Ethics: responsibility, explainability, bias and privacy
Introduction
When contemplating on a computational solution to a problem,
one must pause and reflect upon both the obvious and the
less obvious impacts the proposal may have in the society,
the economy, and the environment, whether immediately or
after a significant delay. Aspects to focus on include
responsible use of technology (fairness, benefit, risk) as
well as explainability (the reasoning behind the decisions),
possible presence of bias in data sets or assumptions or the
ways in which design decisions are taken, as well as
possible breaches to the privacy of individuals (either in
the building or the employment of the proposed solution).
There is no new assessment in this module.
The tools, techniques and concepts of this module contribute
to successful completion of upcoming assessments and can
also be leveraged in previous assessments that have not yet
been turned in.
Learning outcomes
This module will help you do the following:
- Discuss ethical concerns arising from proposed research
or the use of its results
- Identify ways in which technology can be developed and
used responsibly
- Identify potential sources of bias and plan how to
counter them
- Analyze possible implications to the privacy of
individuals arising from proposed research or the use of its
results
Readings
- Qinghua Lu, Jon Whittle, Xiwei Xu, Liming Zhu: Responsible AI: Best Practices for Creating Trustworthy AI Systems, 2023.
https://mcgill.on.worldcat.org/oclc/1412007594 (optional, eBook)
- Joseph Migga Kizza: Ethics in computing : a concise module, 2016.
https://mcgill.on.worldcat.org/oclc/949923519 (optional, eBook)
- Avinash Manure , Shaleen Bengani , Saravanan S: Introduction to Responsible AI, 2023.
https://mcgill.on.worldcat.org/oclc/1410562127 (optional, eBook)
Tools
Ethics in research involves various principles such as
responsibility, explainability, bias, and privacy. Several
tools can aid researchers in upholding ethical standards in
these areas:
- Data Management Plans (DMPs): DMPs
outline how research data will be collected, stored,
shared, and preserved. This ensures responsible data
handling and future access for verification.
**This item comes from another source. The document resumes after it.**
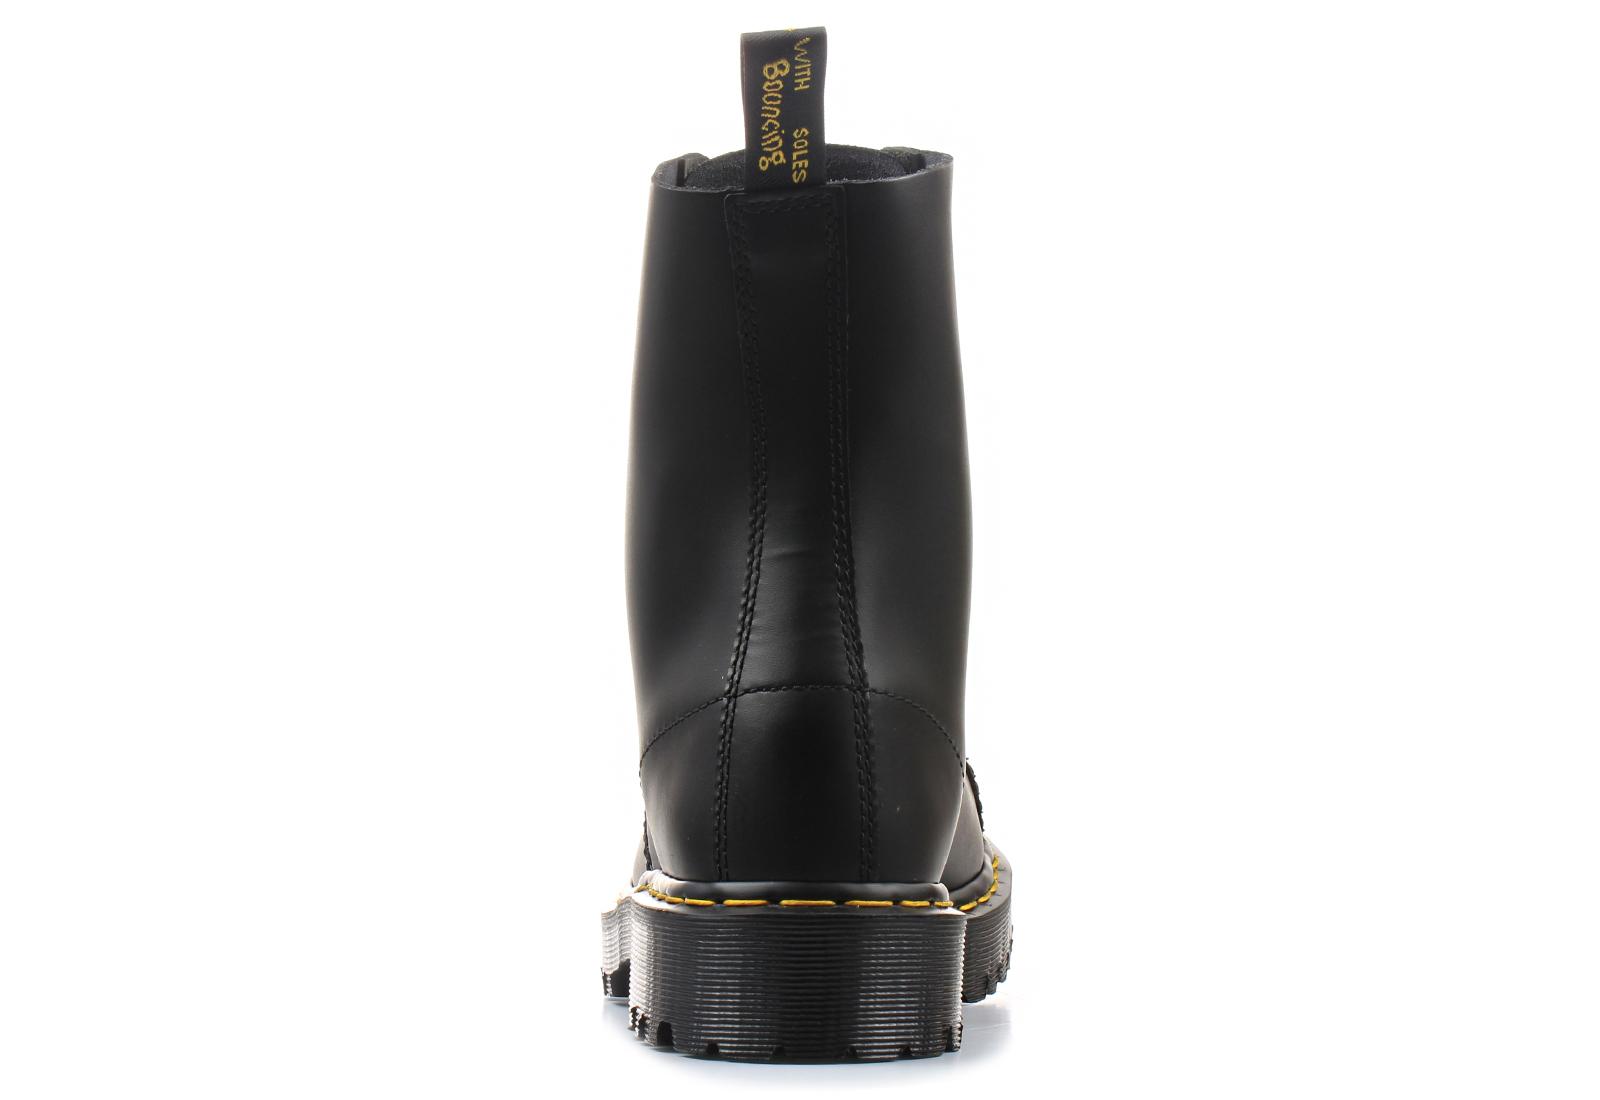 f59e4f53e08a Dr Martens Boots - 8761 - 10 Eye Boot - DM10966001 - Online shop for ...

- Peer Review: The traditional method
of having colleagues scrutinize research proposals and
publications helps identify flaws and ensures research
quality and ethical considerations.
- Randomization: Randomly assigning
participants to groups helps control for pre-existing
differences and ensures a fair comparison between
groups.
- Informed Consent: Participants must
be fully informed about the research, its potential risks
and benefits, and their right to withdraw before agreeing
to take part. Consent forms should be clear and easy to
understand.
- De-identification: Removing personal
identifiers from data helps protect participant privacy
while allowing for valuable research to be conducted.